I painted this sweet puppy patrol using the Richard Schmid approach that I have previously described: picking a place to start and completing it exactly before moving on, so that the whole painting takes on shape and form rather like a jigsaw puzzle if you started with one piece and added only adjacent pieces until the entire puzzle was complete. I started with the eyes of the girl on the left and worked from left to right. Unusually, I left all of the background until last. Commonly I would do that first or at least concurrently.
The problem of course is the dreaded grass. In the original photo (courtesy of Janina Suronen) the grass was a bright and vivid green as you would commonly expect to see in a photo. And it looked fine. But just because it looks fine in a photo does not mean it will look fine in a painting. I started to do some research into how famous artists of the past have handled the vexed problem of green. The more you look the more you realise that they rarely paint green at all in the commonly accepted use of the term. Here are some examples:
Thomas Verner Moore White, American, born 1863. Two red Setters in the grass. Lots of lovely colours, but only very small amounts of green. Looks like Pthalo Green, blue shade and cut with lots of white.
Van Gogh, 1889 - Olive Orchard. A bit more green on this one, but only in the mid-ground (the trees) hardly any in the foreground so the painting is balanced by three bands of colour - sky (blue) treetops (green) and ground (mainly yellow). His greens are blocks of warm green - looks like ultramarine and cad yellow light - for leaves in the light and cool greens (looks like pthalo and white) for leaves in the shadow.

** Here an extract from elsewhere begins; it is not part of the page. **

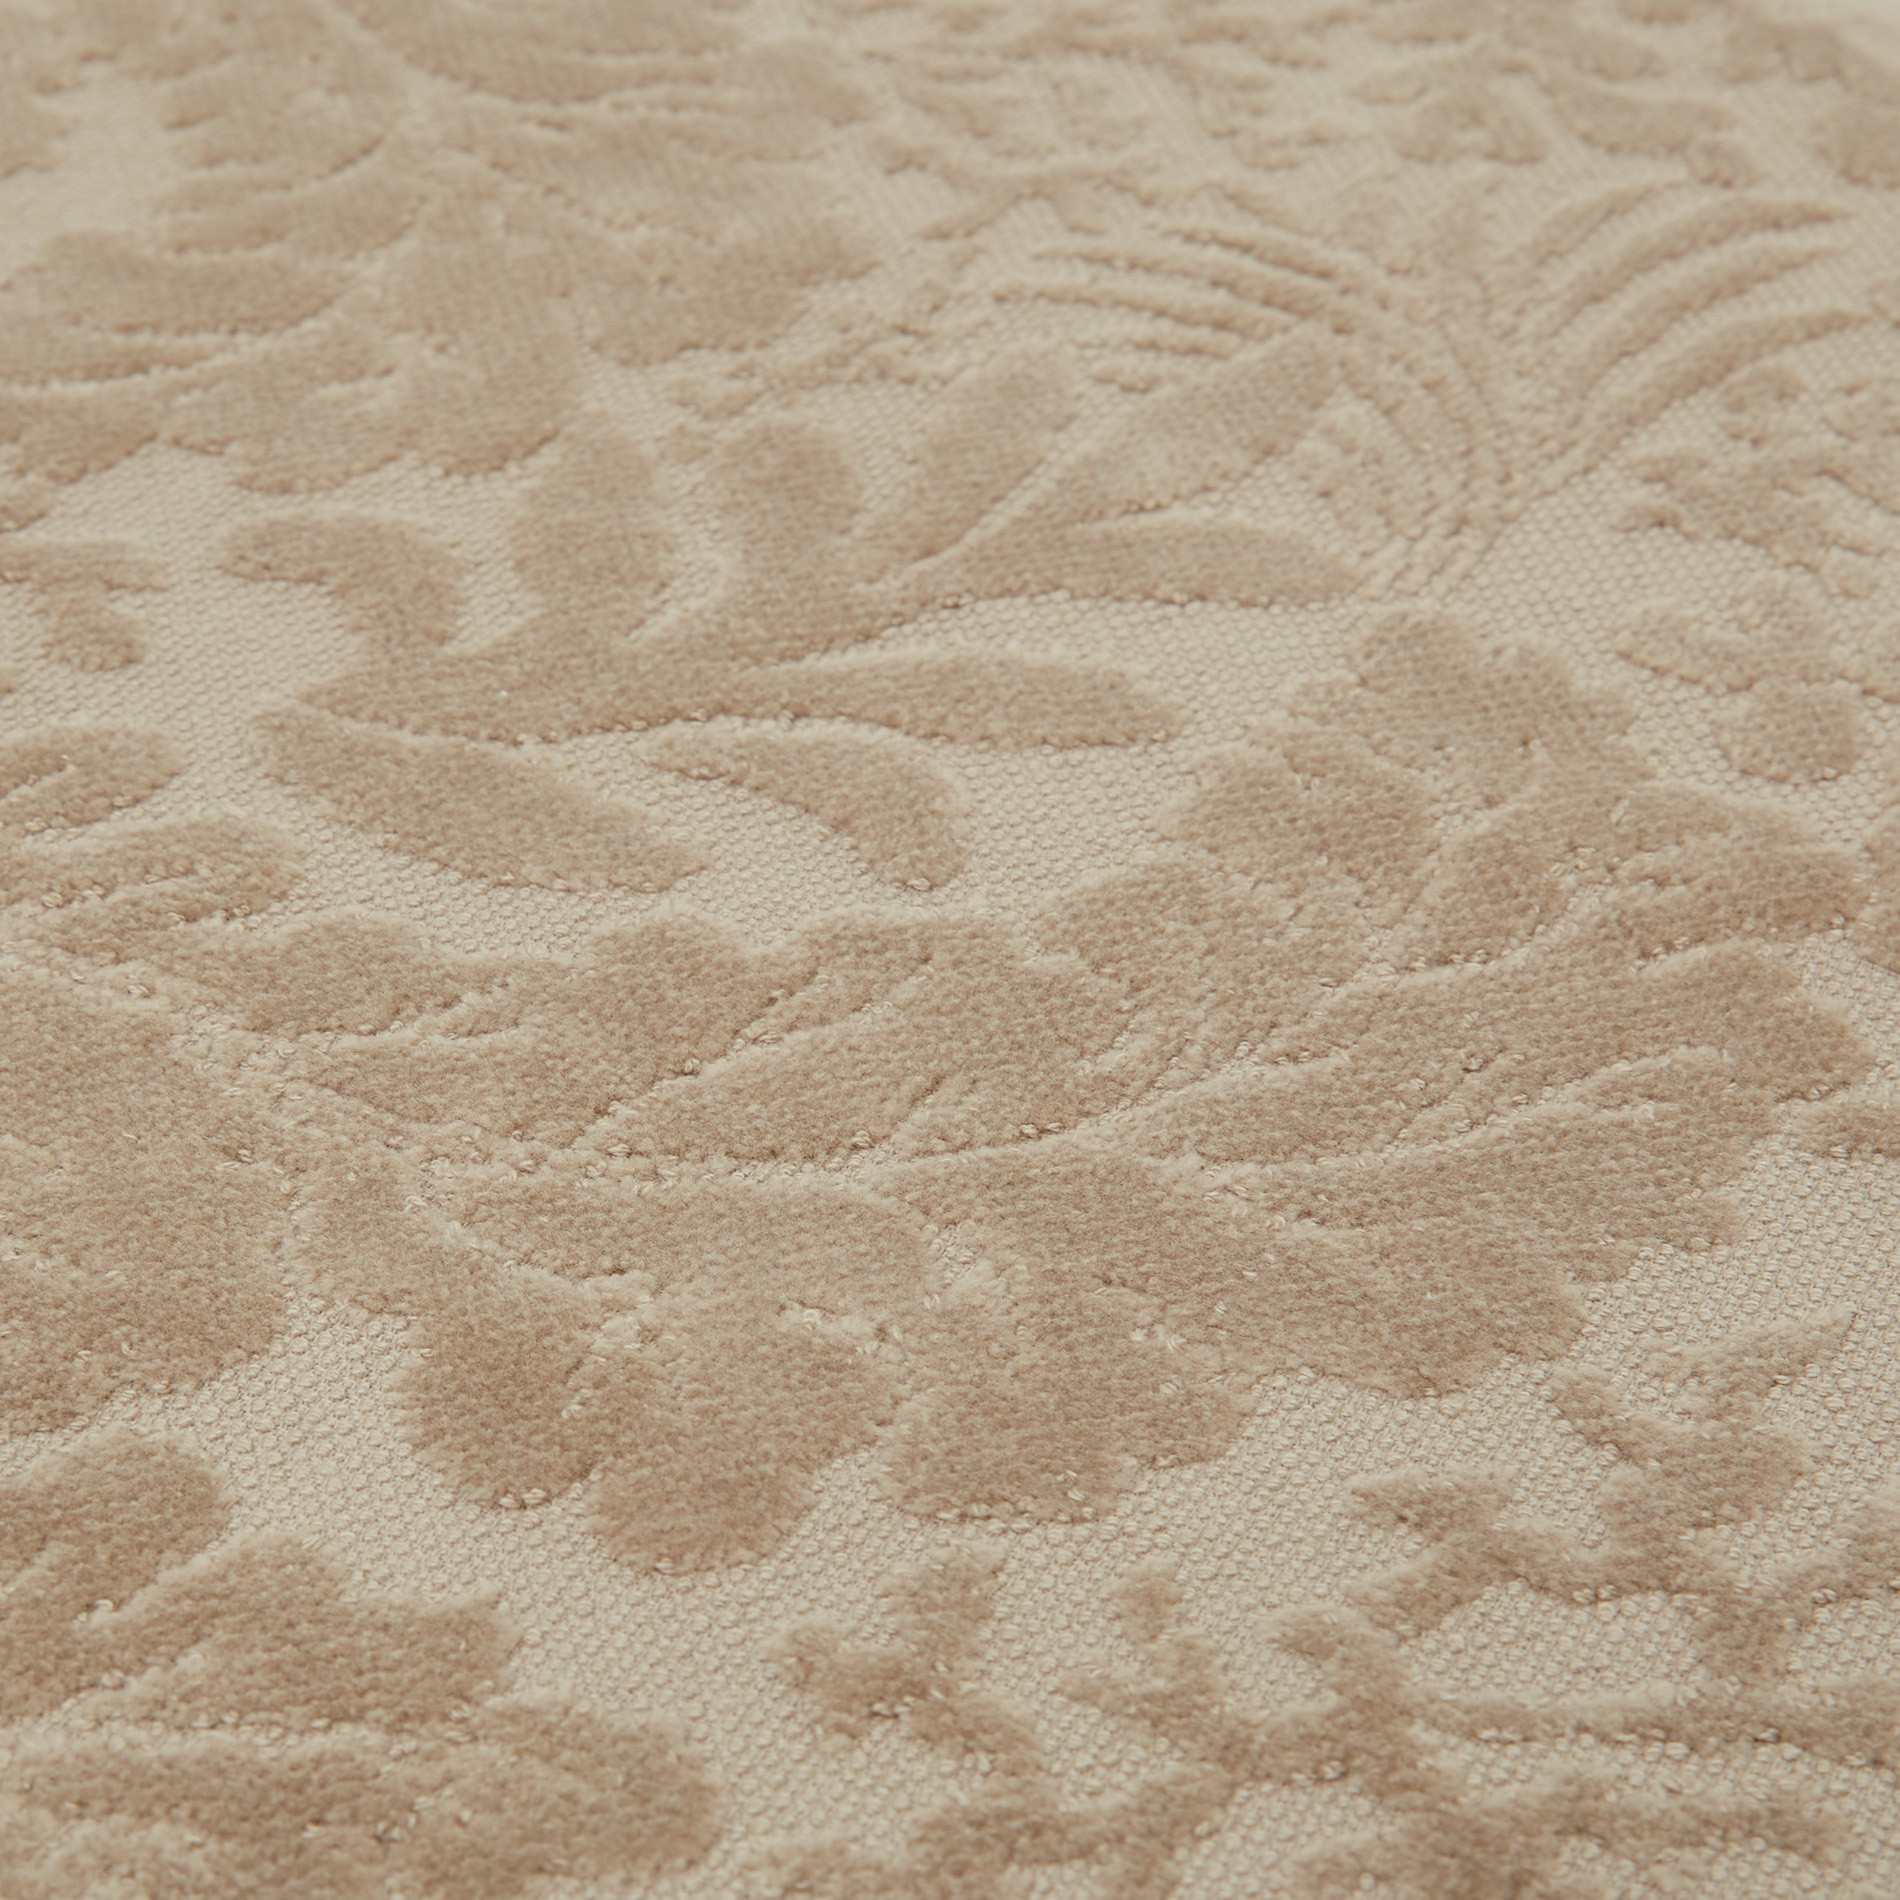 Asciugamano cotone velour motivo coralli, Beige, large image number 2

Frederick Morgan, born 1850-ish I don't know the date of this painting, it is called Ring o'Roses. You can see from the clothing and hats of the girls as well as the sharp shadows cast by the children that this is clearly high summer. If you close your eyes and try and recall this painting I bet you will see children playing on the grass. I know I did. Can't see anything much in the way of green paint, though, can you?
Pissarro, Kew Green 1892. There are some green treetops here. The grass, if you squint at it and try to imagine re-painting it, is chiefly yellow with blue shadows. Difficult to say much more about this from a small reproduction as Pissarro will have used pointillist type techniques (lots and lots of dots of colour mixed optically when you view the painting) so I am unsure what colours he has used.
and, finally, the acknowledged Master of Green - John Constable, Fen Lane 1817. Note how very muted his greens are and how dulled down yet how magical and convincing the effect. I have no idea how he mixed these colours.  I do know that using red is very important - the complementary of green - as it dulls and greys the chroma. Constable must have "smuggled in red" (to quote Stapeleton Kearns) but which red, how much - just how? I am still learning.

1 comment:

  1. Love this painting, Karen. Re the greens - yes, a challenge! I have heard of a couple of approaches that help: 1. mix black with all the different yellows you have and see how many greens you can get. mute with red or burnt sienna. alter with purple.
    2. Kingslan and Gibilisco site recommends making color charts of warm greens and cool greens using various mixtures of black/yellow and then adding more yellows and reds to the warm lineup, and blues to the cool side.